EXERCISE OBJECTIVE:
An exact retyping of all lines below is the answer; pictures do not belong in it.

COLLECTED DATA:
========

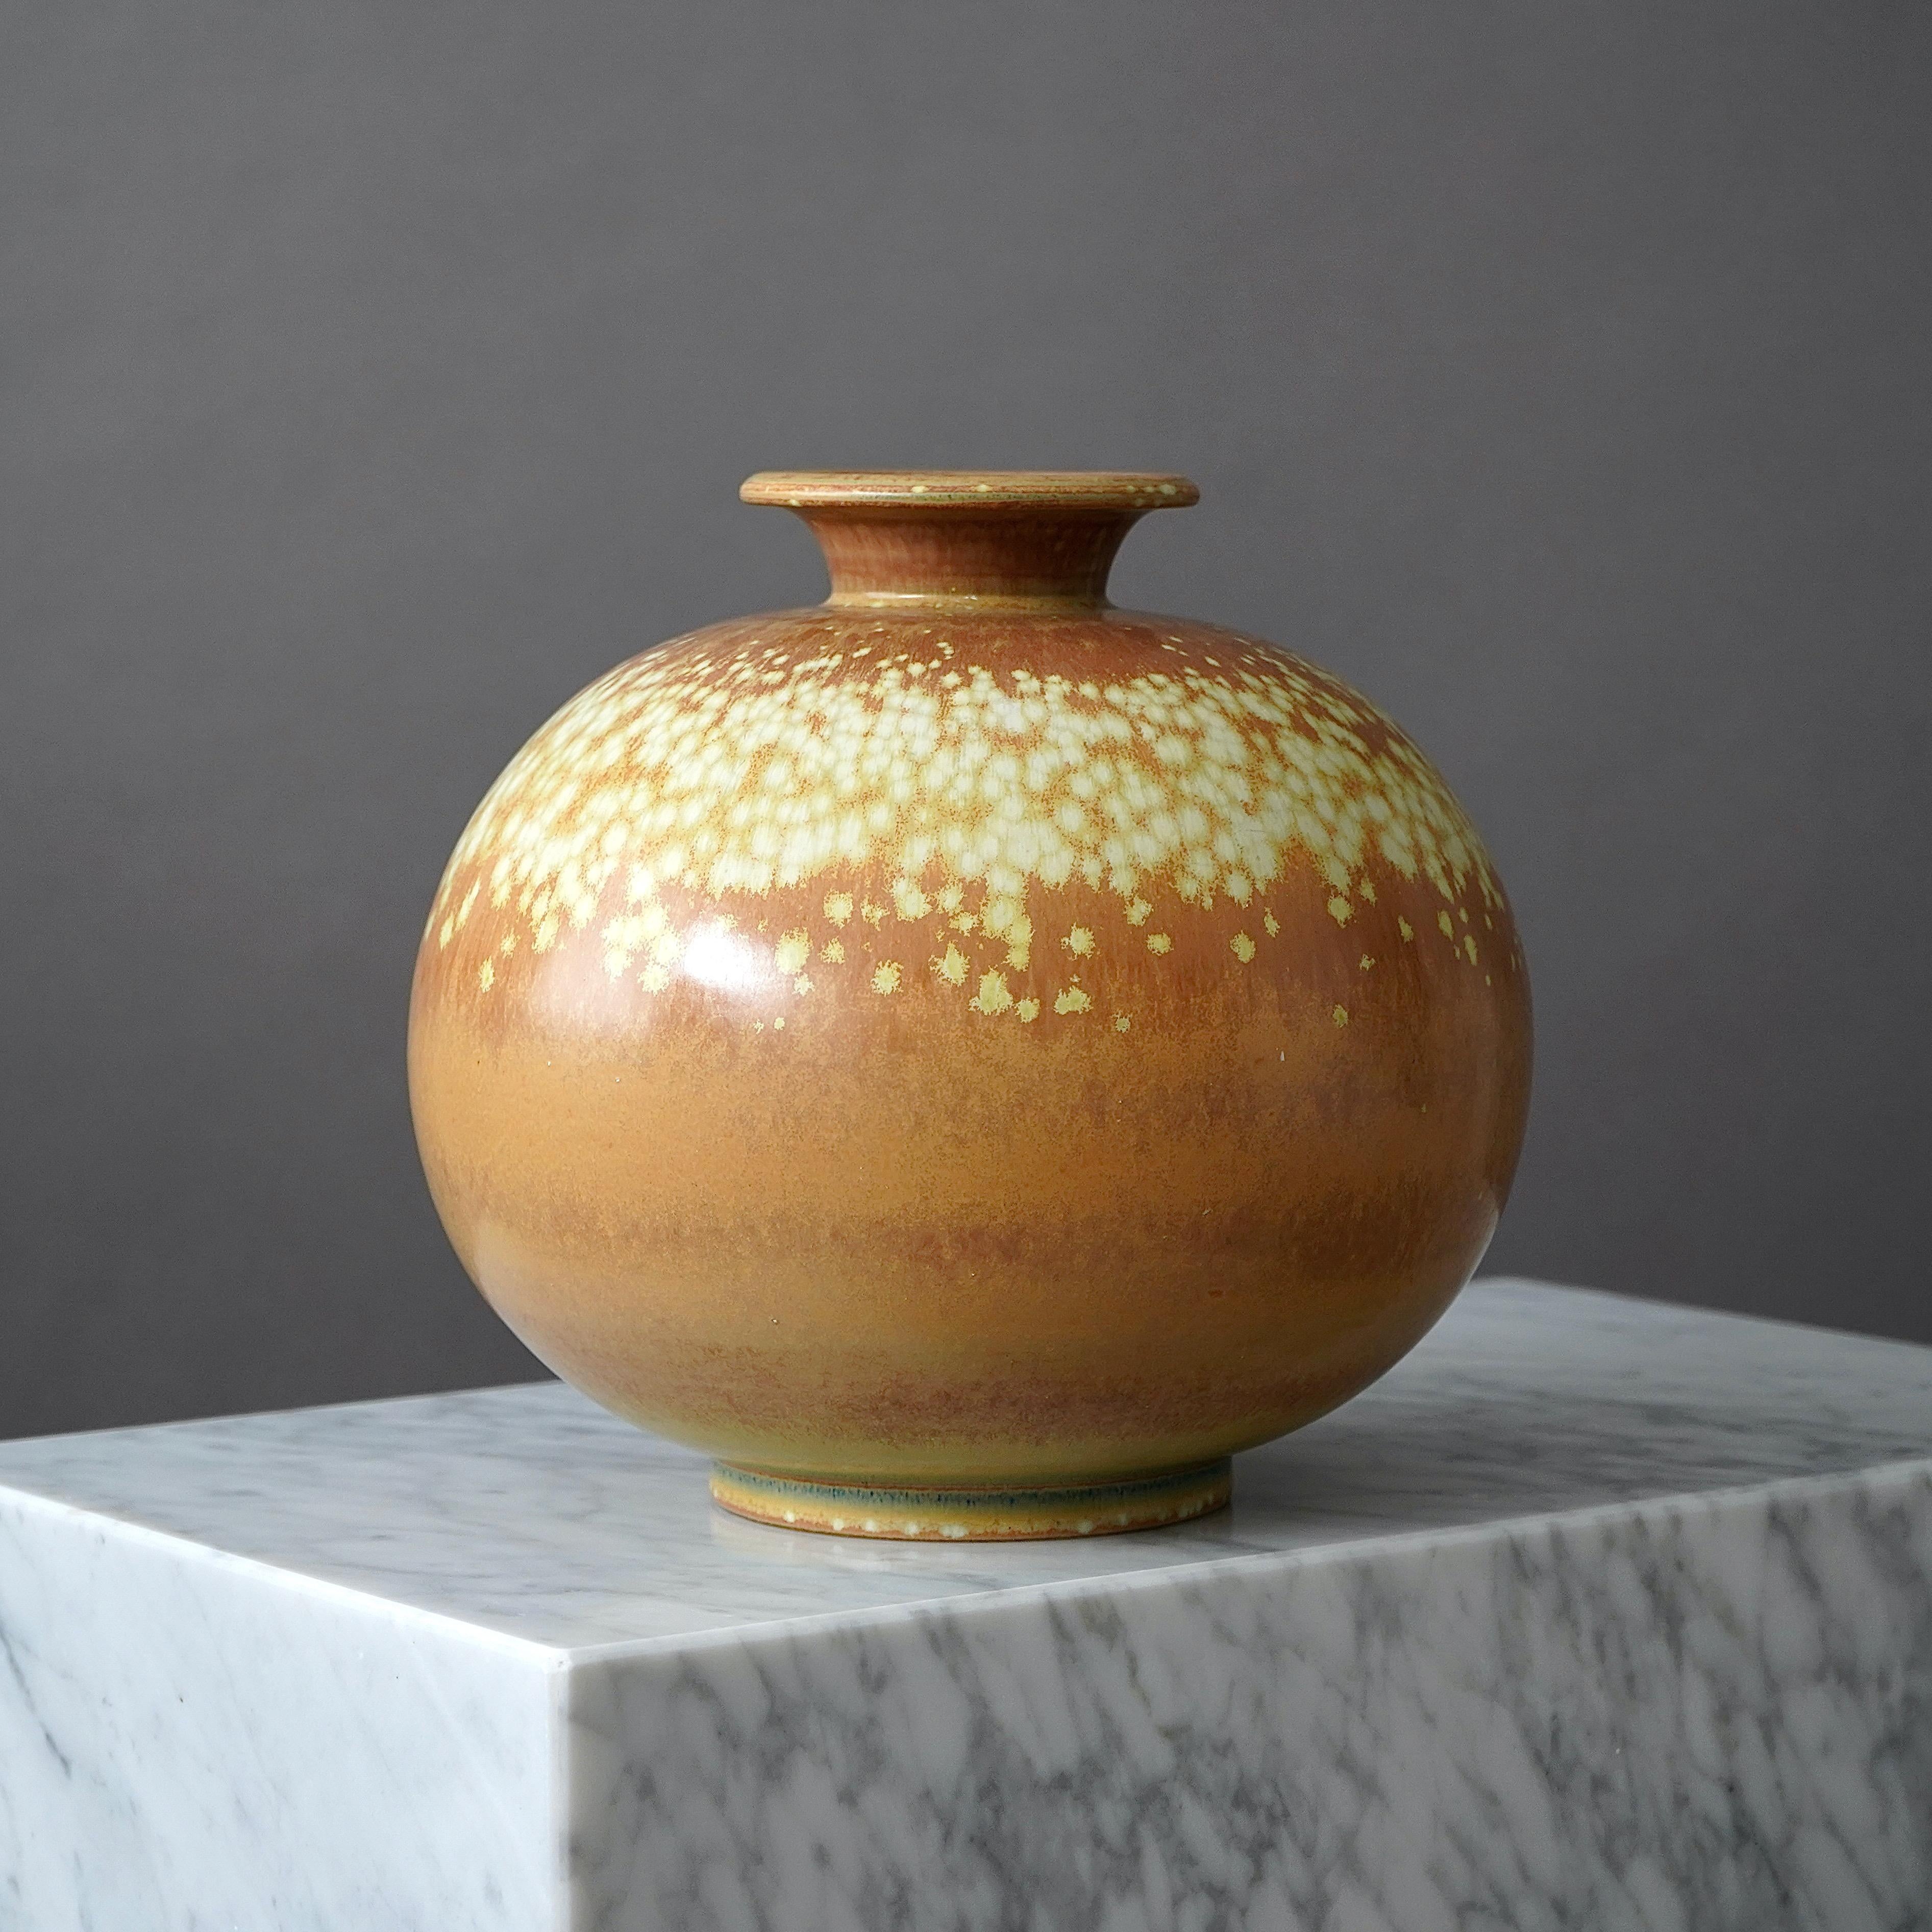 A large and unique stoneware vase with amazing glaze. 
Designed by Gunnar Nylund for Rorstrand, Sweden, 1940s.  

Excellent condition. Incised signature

========

ANSWER SECTION:
 A large and unique stoneware vase with amazing glaze. 
Designed by Gunnar Nylund for Rorstrand, Sweden, 1940s.  

Excellent condition. Incised signature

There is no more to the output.